こちらは川の中州でとうもろこしを育てる老人と孫娘のお話。

その川はコーカサス山脈から流れてくるもので、春の雪解け水に運ばれた肥沃な土で作られた中州は作物を育てるのに最適の場所。
主人公の老人はその小さな中州でとうもろこしを育てることに決める。きっと毎年やっている事なのでしょう。

だけどその川は紛争地帯の境界にあたり、すなわち戦闘の最前線でもあるんですね。『みかんの丘』と同様に紛争が老人たちの暮らしに大きく影響を与えることになる。

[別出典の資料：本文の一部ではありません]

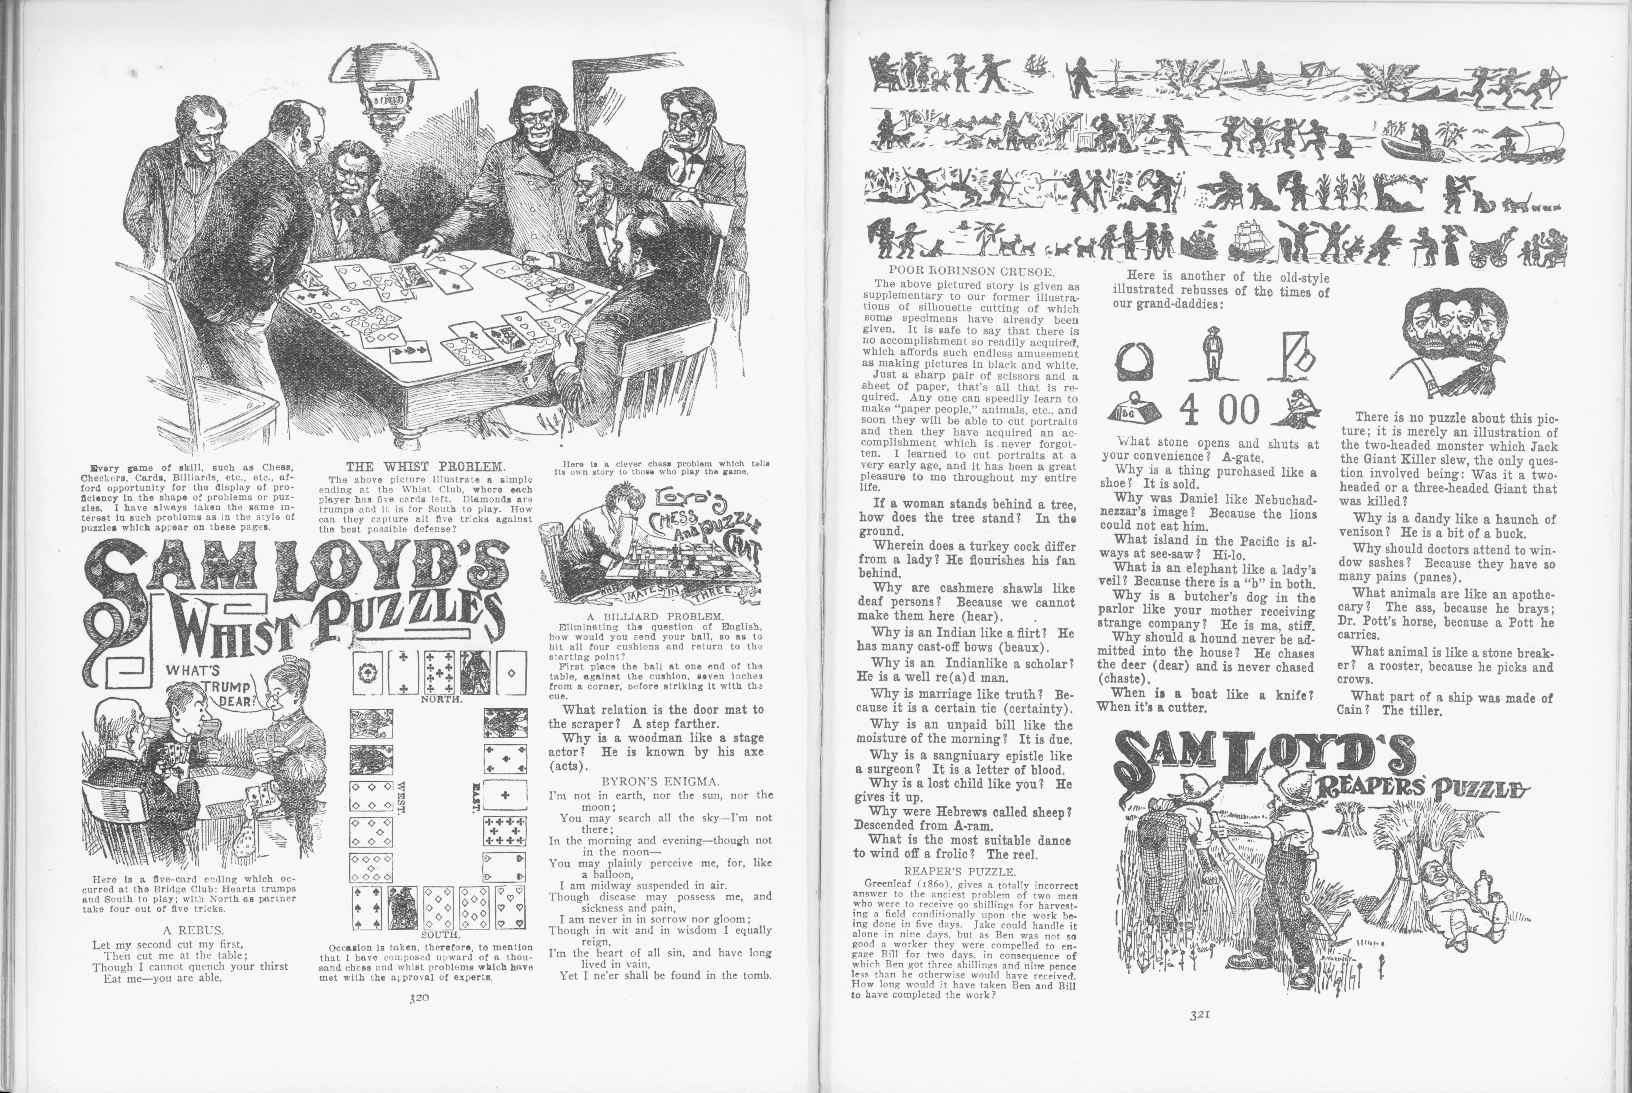 Sam Loyd - Cyclopedia of Puzzles - page 320-321
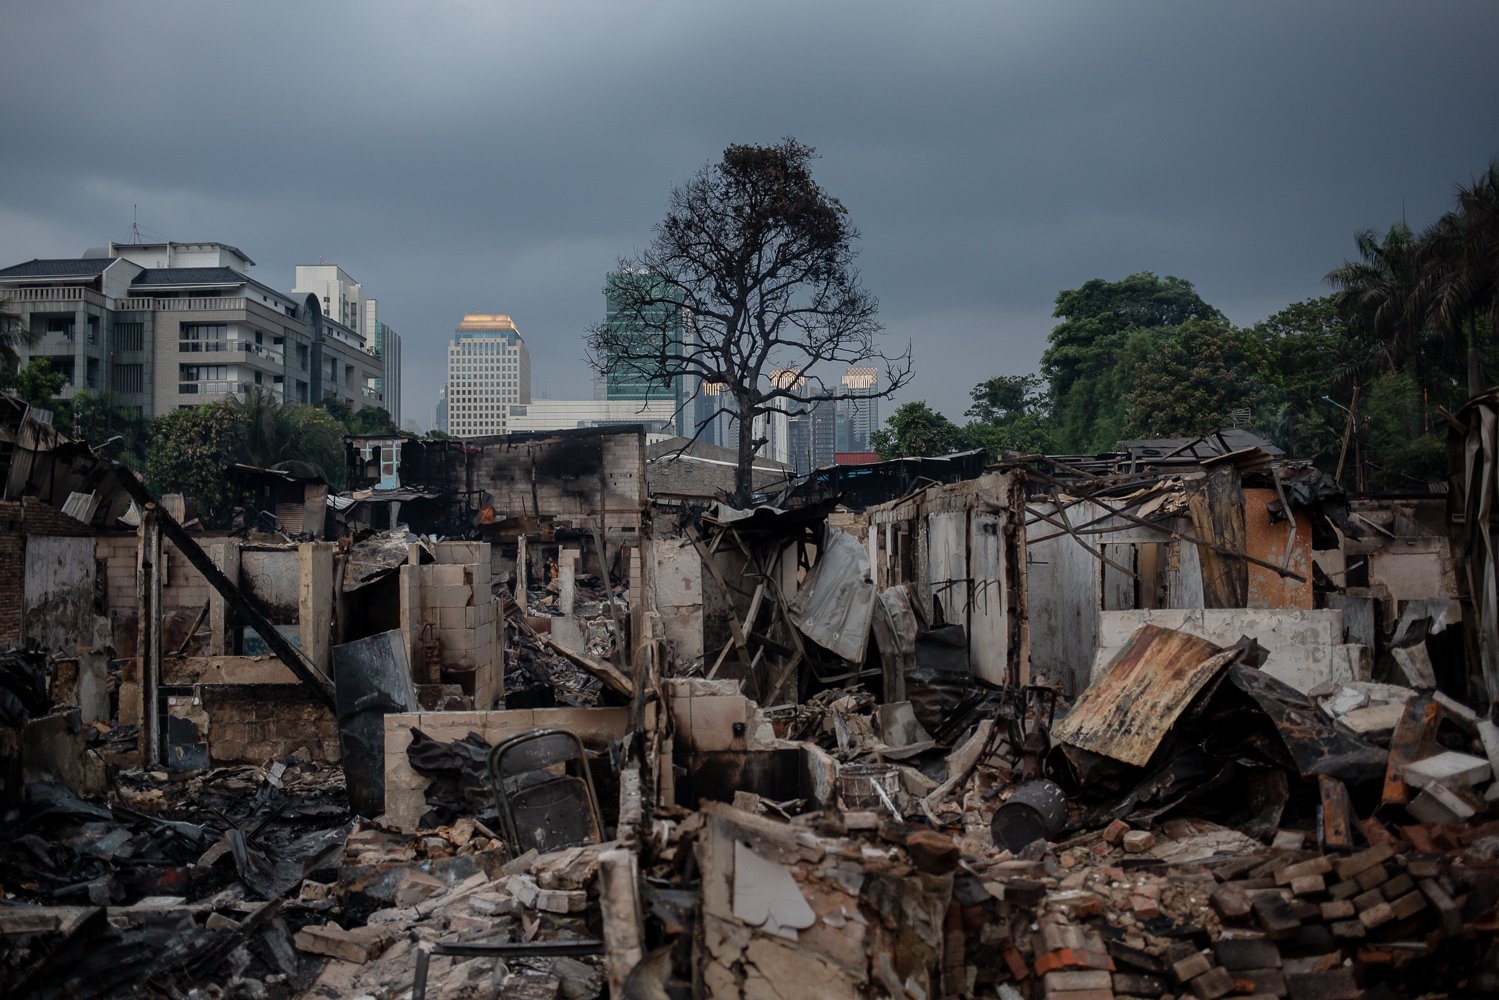 Reruntuhan bagunan rumah semi permanen yang hangus dilahap si jago merah di pemukiman padat penduduk di Jalan Simprug Golf II, Kecamatan Kebayoran Lama, Jakarta, Minggu (21/8). Akibat peristiwa tersebut 1 orang meninggal dunia diduga akibat kaget dan kelelahan. Selain itu, sebanyak 383 jiwa dari 164 KK harus mengungsi di tenda darurat.

本作の特徴はとにかく言葉がないこと。中州に畑と小屋を作る前半はまったく会話がないんですね。これもシンプルな生き方だからできることであって。言葉がなくても映像の素晴らしさもあって目を離せません。

そして本作でも傷付いた兵士を助ける事になります。今度は言葉が通じないこともあり、ここでも会話はほとんどない。
年頃の孫娘と兵士の無言のじゃれあいが微笑ましい。

本作は紛争に加え自然の厳しさにも翻弄されるんですね。ラストの人間にはなす術のない自然の力には声を失ってしまう。
悲劇ではあるけど、戦争の犠牲になることに比べるとある種の清々しさがある。こうやって人生は続いていくのだという。

『みかんの丘』『とうもろこしの島』はどちらも名作といえると思うけど、あわせて鑑賞することでより深い感動を得ることができる作品だと思います。